TALLMAN, Circuit Judge:

Gregorio Pedro Montero-Hernandez and Hector Montero-Martinez (Petitioners) seek review of a final order of removal issued by the Board of Immigration Appeals (BIA). The BIA determined that Petitioners were statutorily ineligible for cancellation of removal as non-permanent residents under 8 U.S.C. § 1229b(b)(1) because neither had a qualifying relative for the purposes of § 1229b(b)(1)(D). We dismiss the petition for lack of jurisdiction.

I. FACTS AND PRIOR PROCEEDINGS.

Montero-Hernandez and Montero-Mar-tinez are father and son. They are natives and citizens of Mexico who entered the United States in 1986.

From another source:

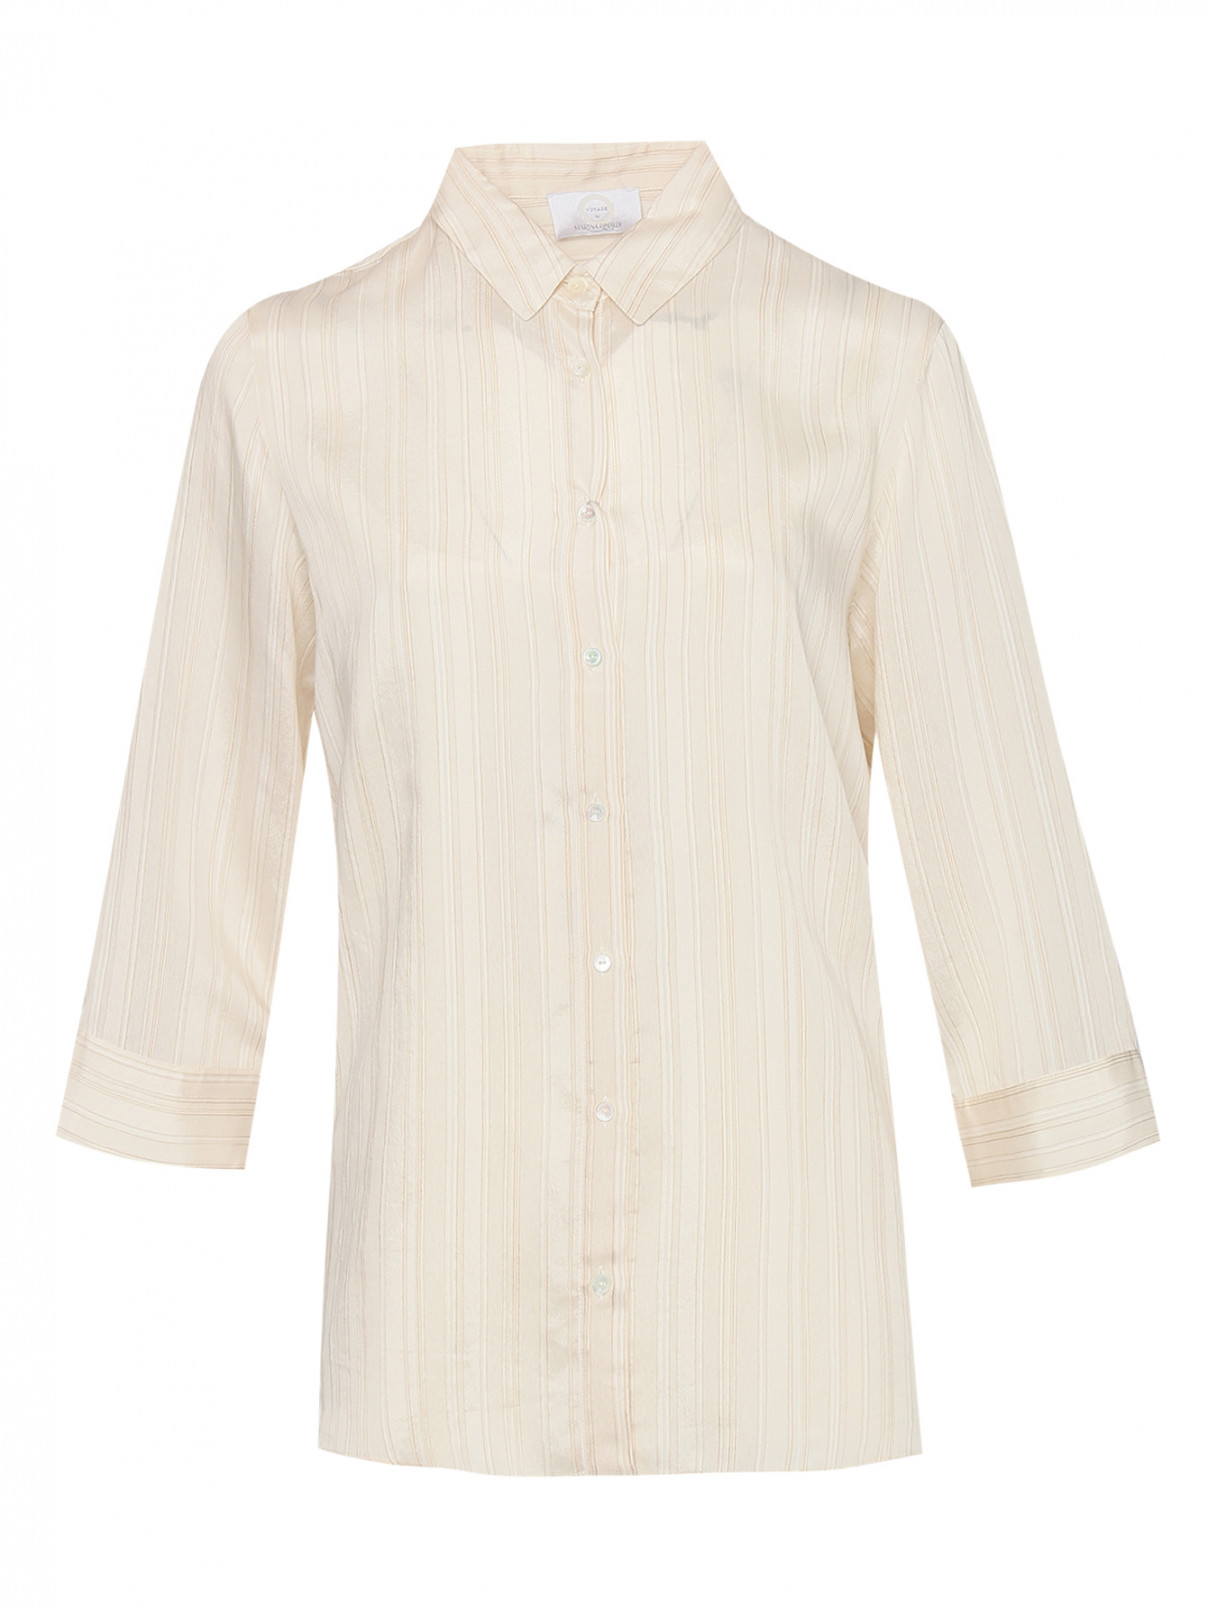 Блуза из вискозы и шелка в полоску Marina Rinaldi  –  Общий вид  – Цвет:  Бежевый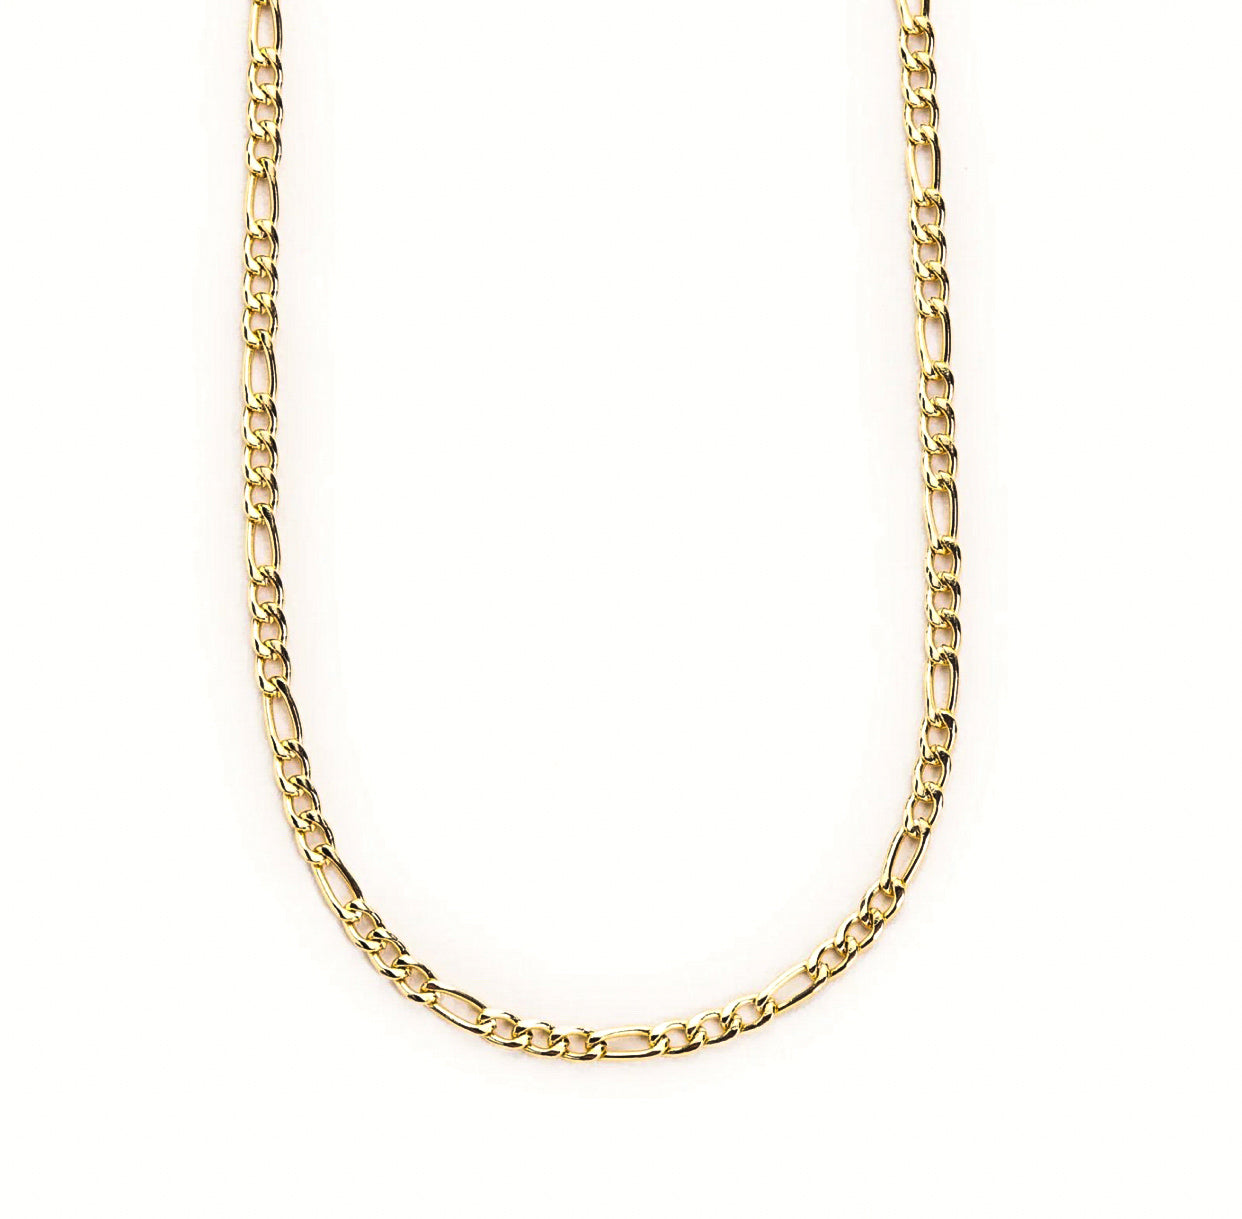 Tasha Gold Filled Necklace

In April 1997, the Immigration and Naturalization Service (INS) served upon Petitioners a Notice to Appear, alleging that Petitioners were removable under 8 U.S.C. § 1182(a)(6)(A)(i) because they had entered the United States without inspection. Petitioners admitted the allegations contained in the Notice and conceded remova-bility. As they had no other viable options for remaining in the United States, they applied for cancellation of removal pursuant to § 1229b(b)(1).

Petitioners appeared before an Immigration Judge (IJ) in April 1998. At the hearing, they both conceded that they did not have a qualifying relative under § 1229b(b)(1)(D). Although Montero-Hernandez had an adult daughter who was a lawful permanent resident, he acknowledged that she was too old to qualify as a child under the INS regulations.

The IJ found Petitioners statutorily ineligible for cancellation of removal and allowed them to voluntarily depart within 60 days. Petitioners appealed to the BIA arguing that they were entitled to cancellation of removal. The BIA found them statutorily ineligible on the same grounds as did the IJ — because neither had a qualifying relative for the purposes of § 1229b(b)(1)(D).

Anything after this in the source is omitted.